Rare Outage Takes Down Major ChatGPT Feature – PCMag
Conversation history disappears from the side menu, deleting information that some users might still want to access. OpenAI has issued a fix, but still reports 'degraded performance.'
UPDATE 7/31: OpenAI says it resolved the issue and will publish a report on what happened in five days. “All impacted services have now fully recovered,” its status page says. “The detailed Root Cause Analysis (RCA) will be published in the next 5 business days.”
Original Story 7/30:
ChatGPT’s conversation history feature went down today, leaving users in the dark.
“I’ve closed ChatGPT for a minute and opened it again, only to find three months of data is gone!” says one Redditor. “Images I’ve created during this period are still in the library, but chats are just…Poofed!”
“I had some important convos saved there,” writes another.
OpenAI confirmed the issue just after noon ET and deployed a fix by 3:24 p.m., according to its status tracker. “We have applied the mitigation and are monitoring the recovery,” it says. Outage tracker Downdetector also shows a spike in user-reported issues around 10:30 a.m. ET.

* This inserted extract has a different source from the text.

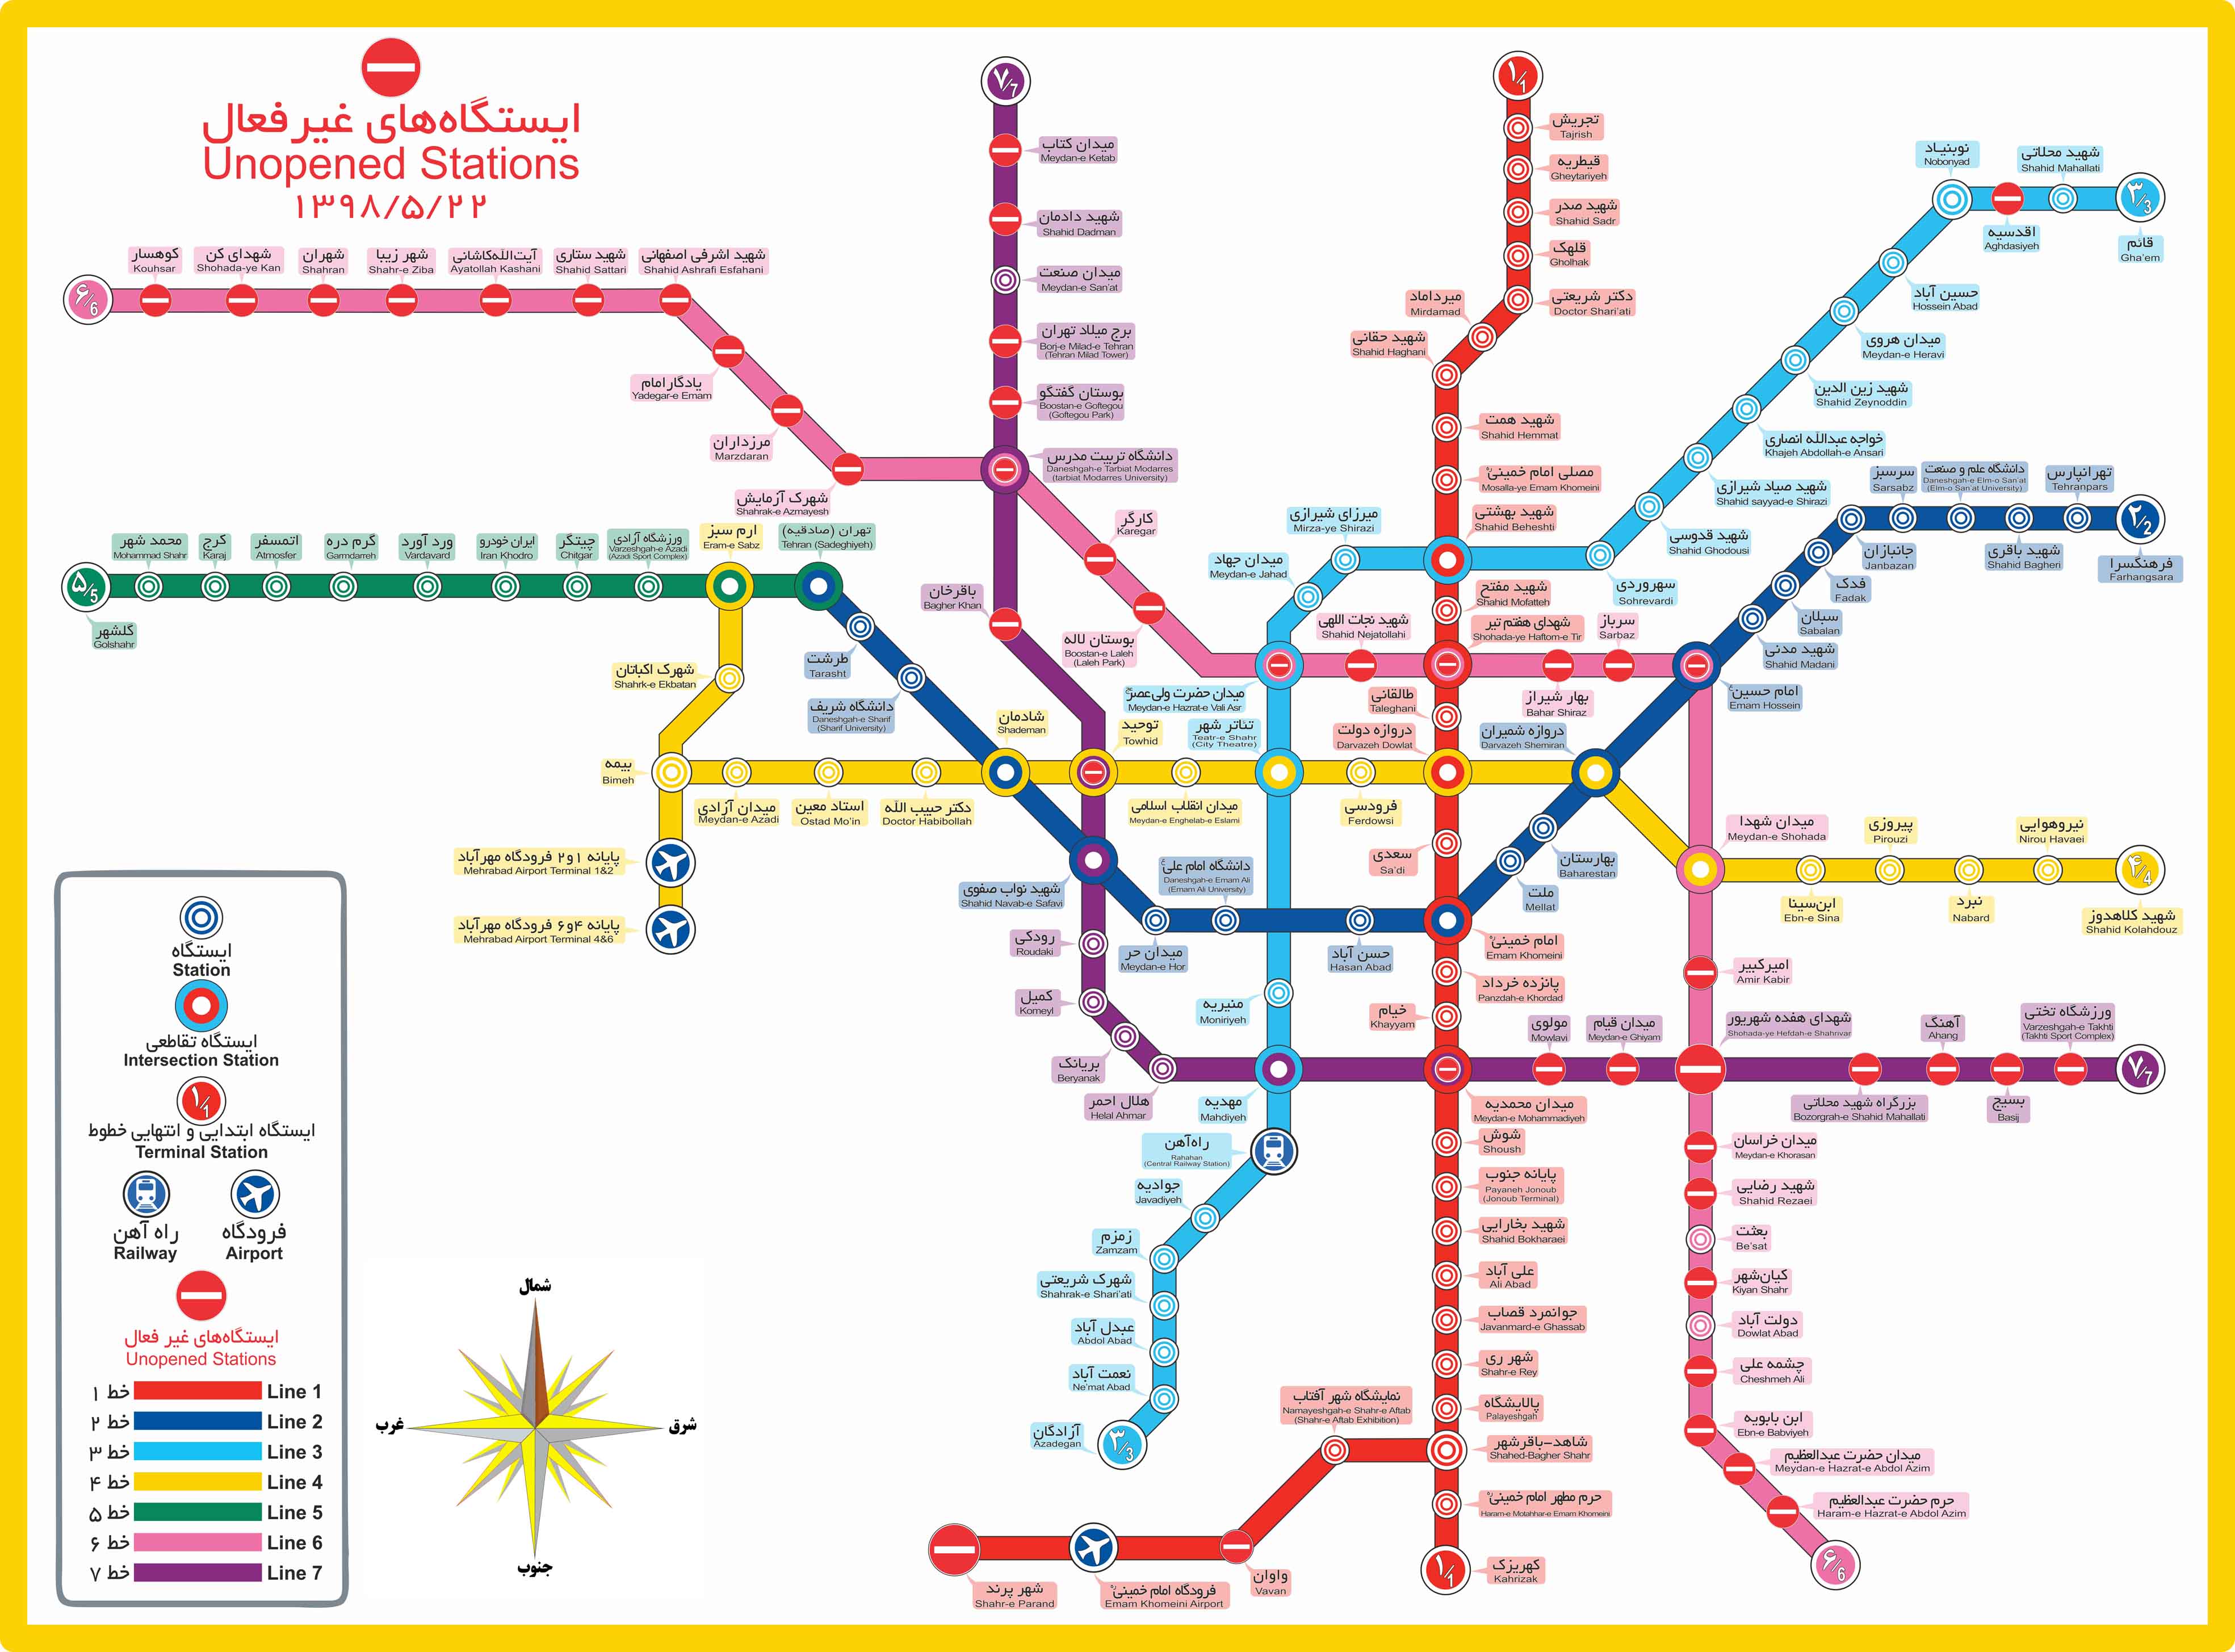 تصویر کامل نقشه مترو تهران

Conversation history is a core feature within the otherwise simple chat interface. Users may reference previous chats or continue them because they are often about one or two core topics. ChatGPT automatically names every new chat with its interpretation of the topic, such as “Identifying trees” or “calculating tips.”
It’s unclear if the issue is a design bug or if the conversations are actually deleted. Some people are reporting issues only on desktop, not mobile, and others are experiencing the problem on both.
ChatGPT is generally a reliable product; OpenAI self-reports 99.55% uptime across its 23 services. Conversation history has 99.81% uptime, so an outage is an unusual event for the chatbot overall and for this particular feature. OpenAI has not posted about the issue on its social media. We’ve reached out for more information and will update this story if we hear back.
Disclosure: PCMag parent company Ziff Davis owns Downdetector.